4. Error Handling: Cache operations should be resilient to failures and not crash the application.
5. Monitoring: Consider adding metrics to track cache hit rates and performance.
6. Atomic Operations: Always use GetOrCompute for cache retrieval to ensure proper
concurrency handling and prevent cache stampedes.
Common Use Cases
Distributed Caching
Use Redis or Memcached for sharing cache across multiple application instances:
1// Initialize Redis client
2redisClient := redis.NewClient(&redis.Options{
3 Addr: "redis-cluster:6379",
4 Password: os.Getenv("REDIS_PASSWORD"),
5 DB: 0,
6})
7
8// Create distributed cache
9distributedCache := NewRedisStore[string, string](
10 redisClient,
11 "webapp:cache",
12 30*time.Minute,
13)
14
15// Set as global default
16h.DefaultCacheProvider = func() cache.Store[any, string] {
17 return distributedCache
18}
Memory-Bounded Caching
Prevent memory exhaustion by limiting cache size:
1// Limit cache to 5000 items to prevent memory exhaustion
2boundedCache := cache.NewLRUStore[string, string](5000)
3
4// Use for user-generated content where keys might be unpredictable
5var CachedSearchResults = h.CachedPerKeyT(
6 5*time.Minute,
7 func(query string) (string, h.GetElementFunc) {
8 // Normalize and validate query to prevent cache poisoning
9 normalized := normalizeSearchQuery(query)
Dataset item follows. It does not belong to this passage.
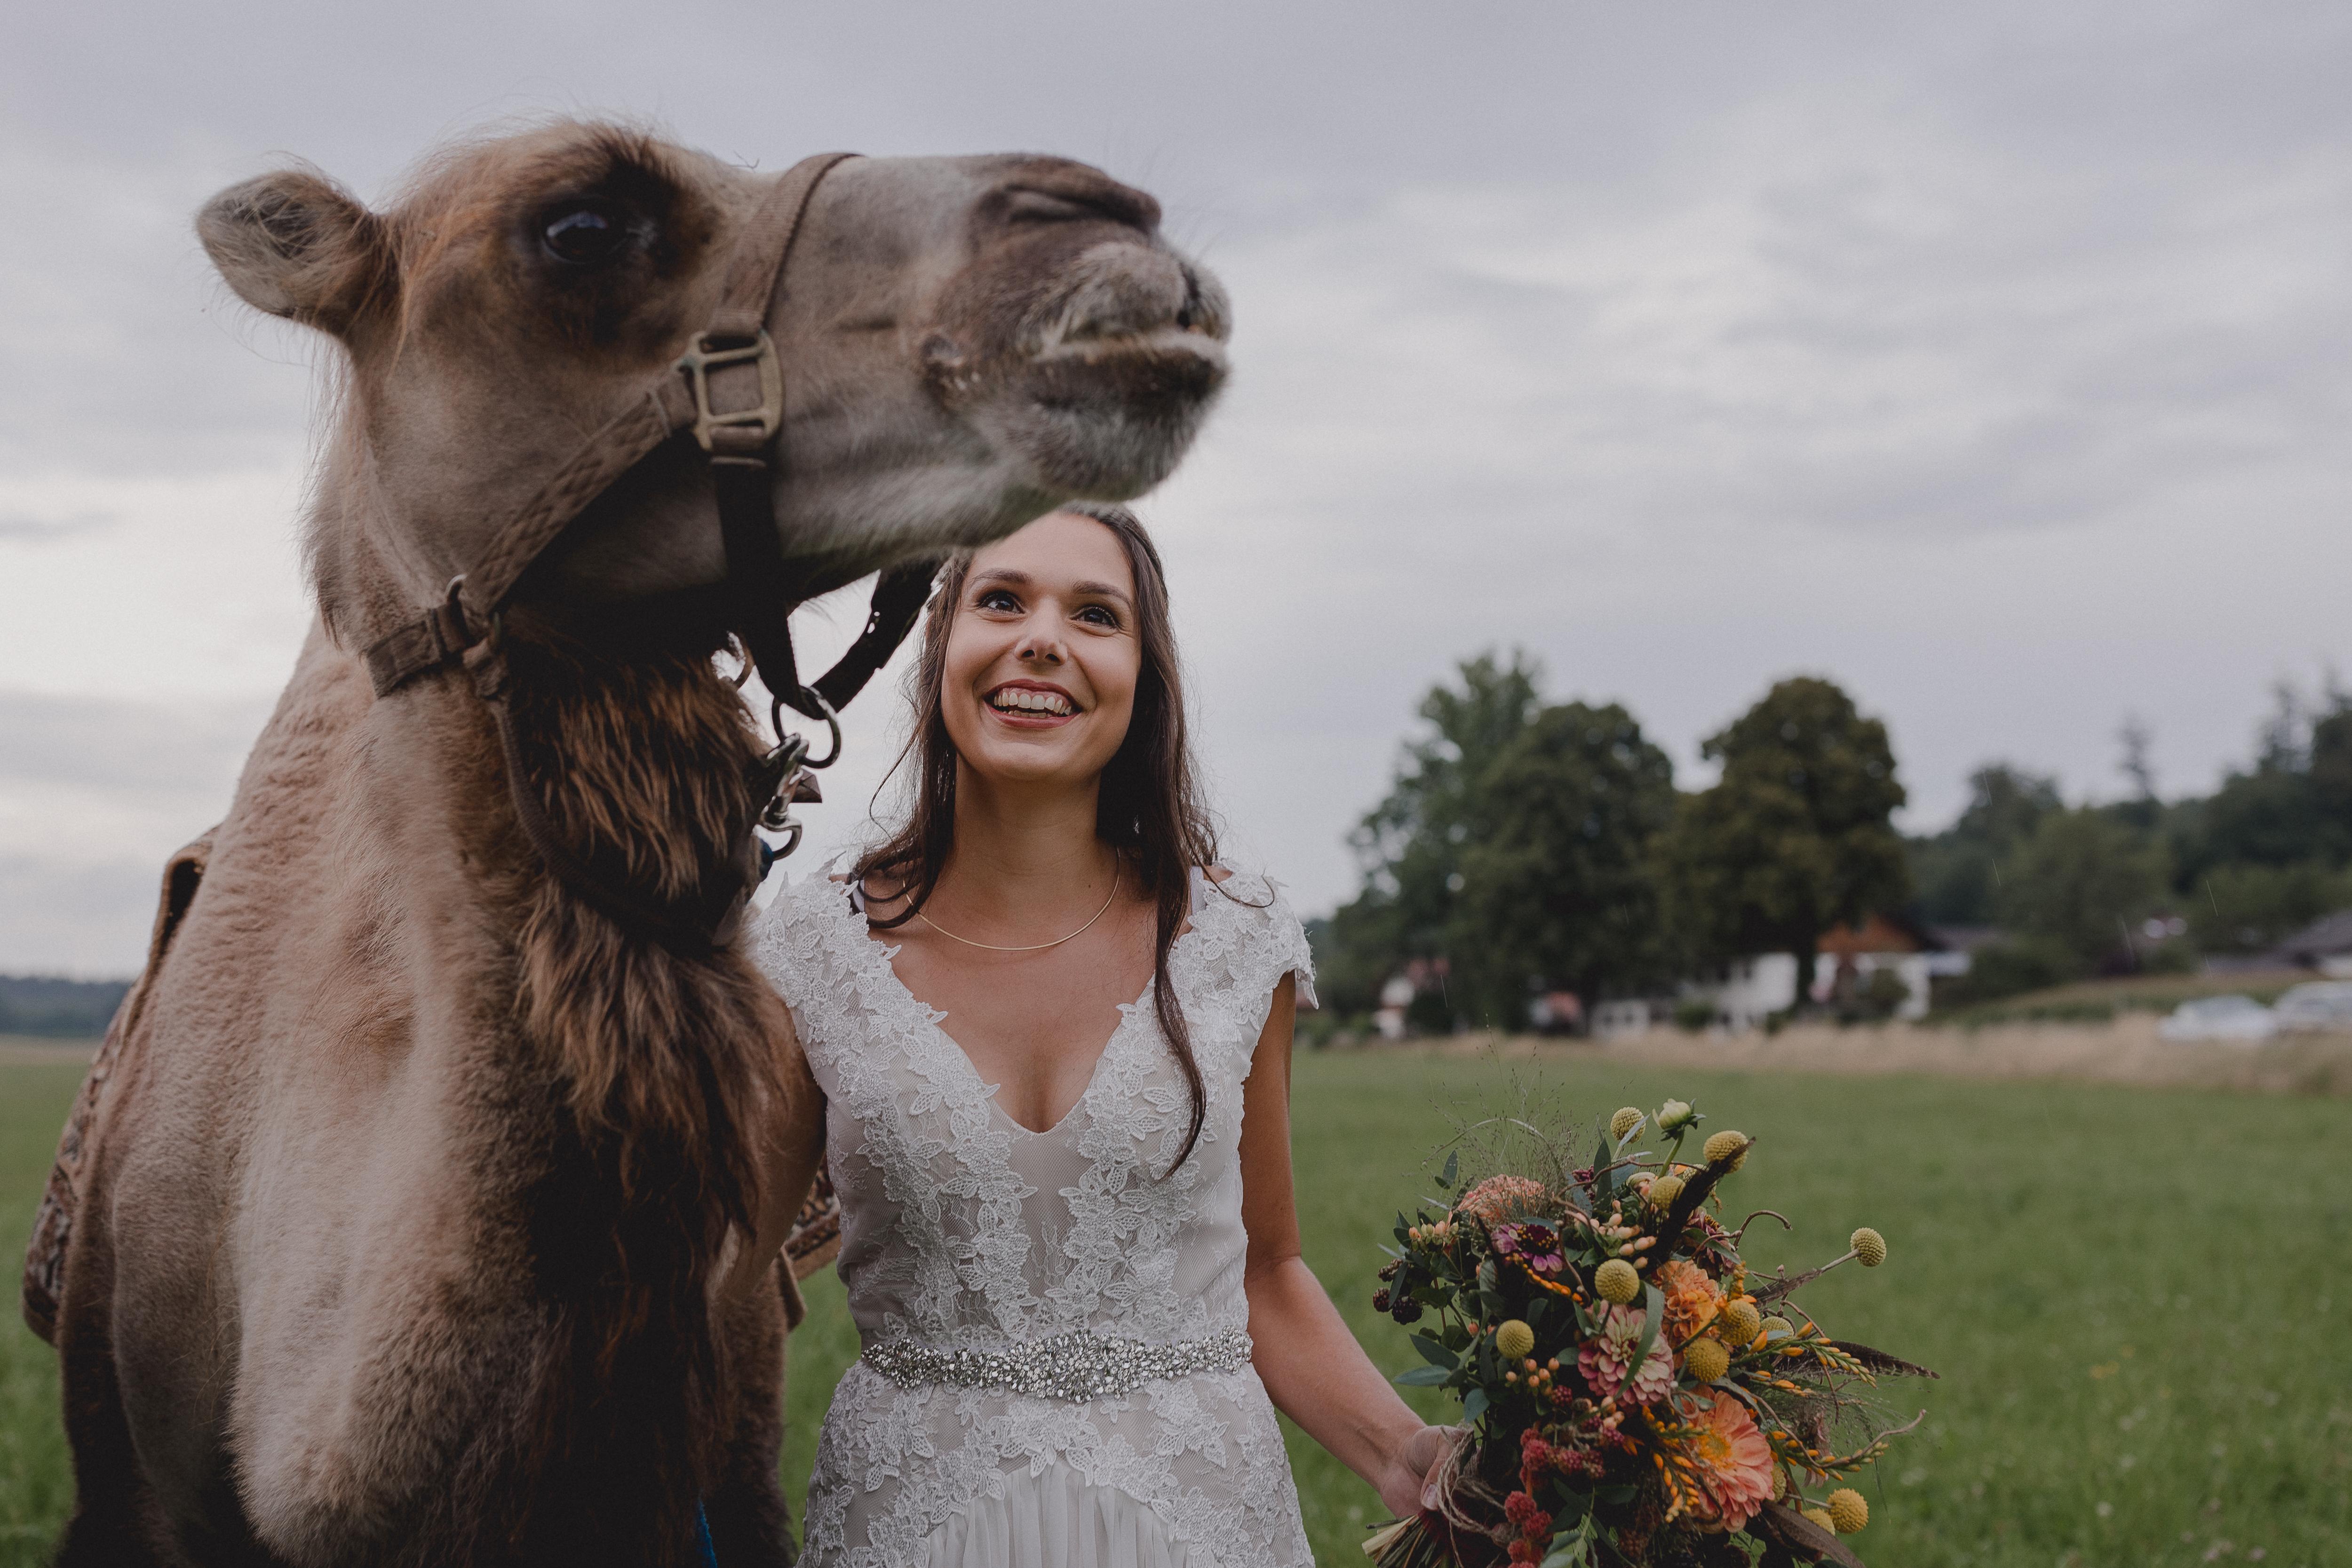 URBANERIE_Daniela_Goth_Vintage_Hochzeitsfotografin_Nuernberg_Fuerth_Erlangen_180721_0103

10 return normalized, func() *h.Element {
11 return performSearch(normalized)
12 }
13 },
14 h.WithCacheStore(boundedCache),
15)
Tiered Caching
Implement a multi-level cache with fast local storage and slower distributed storage:
1type TieredCache[K comparable, V any] struct {
2 l1 cache.Store[K, V] // Fast local cache
3 l2 cache.Store[K, V] // Slower distributed cache
4}
5
6func NewTieredCache[K comparable, V any](local, distributed cache.Store[K, V]) *TieredCache[K, V] {
7 return &TieredCache[K, V]{l1: local, l2: distributed}
8}
9
10func (t *TieredCache[K, V]) Get(key K) (V, bool) {
11 // Check L1 first
12 if val, ok := t.l1.Get(key); ok {
13 return val, true
14 }
15
16 // Check L2
17 if val, ok := t.l2.Get(key); ok {
18 // Populate L1 for next time
19 t.l1.Set(key, val)
20 return val, true
21 }
22
23 var zero V
24 return zero, false
25}
26
27func (t *TieredCache[K, V]) Set(key K, value V) {
28 t.l1.Set(key, value)
29 t.l2.Set(key, value)
30}
31
32func (t *TieredCache[K, V]) Delete(key K) {
33 t.l1.Delete(key)
34 t.l2.Delete(key)
35}
36
37func (t *TieredCache[K, V]) Close() error {
38 if err := t.l1.Close(); err != nil {
39 return err
40 }
41 return t.l2.Close()
42}
43
44// Usage
45tieredCache := NewTieredCache(
46 cache.NewLRUStore[string, string](1000), // L1: 1k items in memory
47 NewRedisStore[string, string](redis, "", 1*time.Hour), // L2: Redis
48)
Security Note: The pluggable cache system helps mitigate memory exhaustion attacks by allowing
you to implement bounded caches. Always consider using size-limited caches in production environments
where untrusted input could influence cache keys.
Concurrency Note: The GetOrCompute method eliminates race conditions that could occur
in the previous implementation. When multiple goroutines request the same uncached key via
GetOrCompute method simultaneously, only one will execute the expensive render operation,
while others wait for the result. This prevents "cache stampedes" where many goroutines
simultaneously compute the same expensive value.